Unfortunately, it seems that this enhancement has some side-effects, and you have observed one. Here are two renderings of the flowers, that differ only in the output ICC profile. And what’s more, the two output profiles are supposed to be identical (they have been both generated by RT), with the exception that one of them contains some special comments that are detected by RT and cause it to apply the “enhancement” on-the-fly, before using it for the output jpg. Notice how the two renderings are substantially different, with the “non enhanced one” (IMHO) way more pleasing.
Unfortunately, I haven’t been able to understand why the difference happens, nor to file a proper bug report (sorry!).

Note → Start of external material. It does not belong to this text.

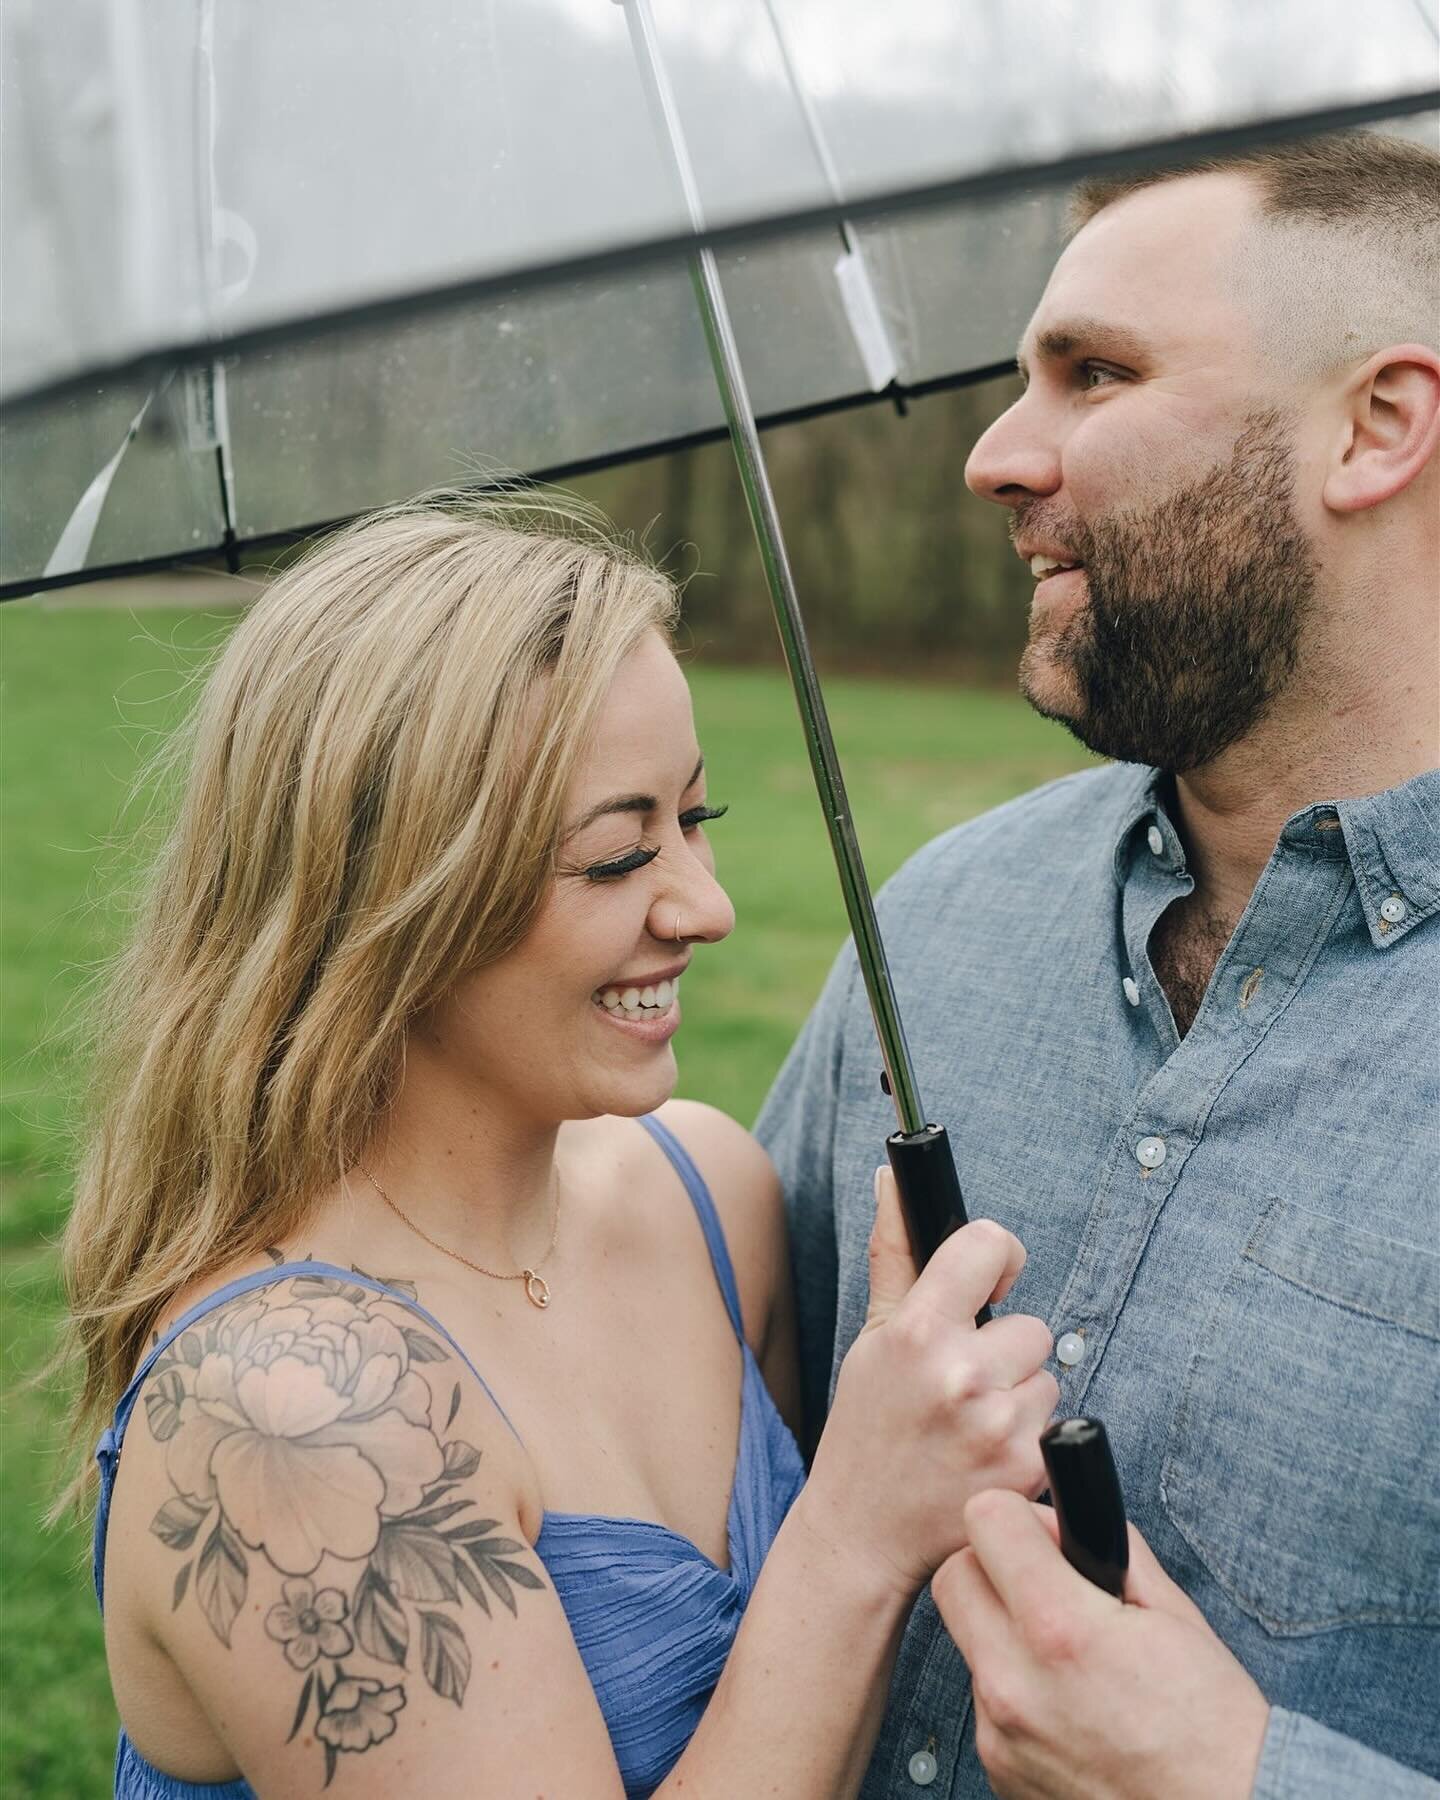 Gabby + Connor took me to one of their favorite places for their engagement session - the place they went before Connor proposed! I loved exploring with them &amp; watching them interact in a place that is so special to them. Their session will be a

Perhaps @jdc can take a look and shed some light anyway?
I noticed this “sRGB Color Space Profile” is not part of RT’s bundle.
It is available inside C:\Windows\System32\spool\drivers\color.
For some reason RT is still able to make use of it.
I trust you about the color management stuff: I have no experience with wide gamut monitors.
In a properly colour managed environment, they should indeed look the same and have the same values. Maybe the enhancement is too much for our computers to comprehend.
Joking aside, the fact that the values are different is an issue. If I use G’MIC to generate a GIF, disregarding the ICC profiles, I get this:
@afre note that if you replace the “enhanced” profile with a v4 profile, you still get the “bad” output. And in this case RT does nothing special, it simply calls LCMS. So this might indeed be a glitch in LCMS – I don’t really know yet.
Thinking about the problem a bit more, it might be code that is meant to tame out-of-gamut colours automagically. I am thinking that it might just be in the wrong place.
OK, I’ve downloaded the DNG file and loaded it to RT5.5 – I used the default RTv2 sRGB and RTv4 sRGB and I can see the problem you are talking about. It appears there’s indeed an issue with the two RT sRGB profiles because the output is different than the preview. It didn’t manifest in my own test files I used before but for some reason this file does create a problem with the two RT sRGB profiles.
Thank you Alberto.
Precisely: the enhanced profile brings down the brightness of certain yellow-tones, like in my example.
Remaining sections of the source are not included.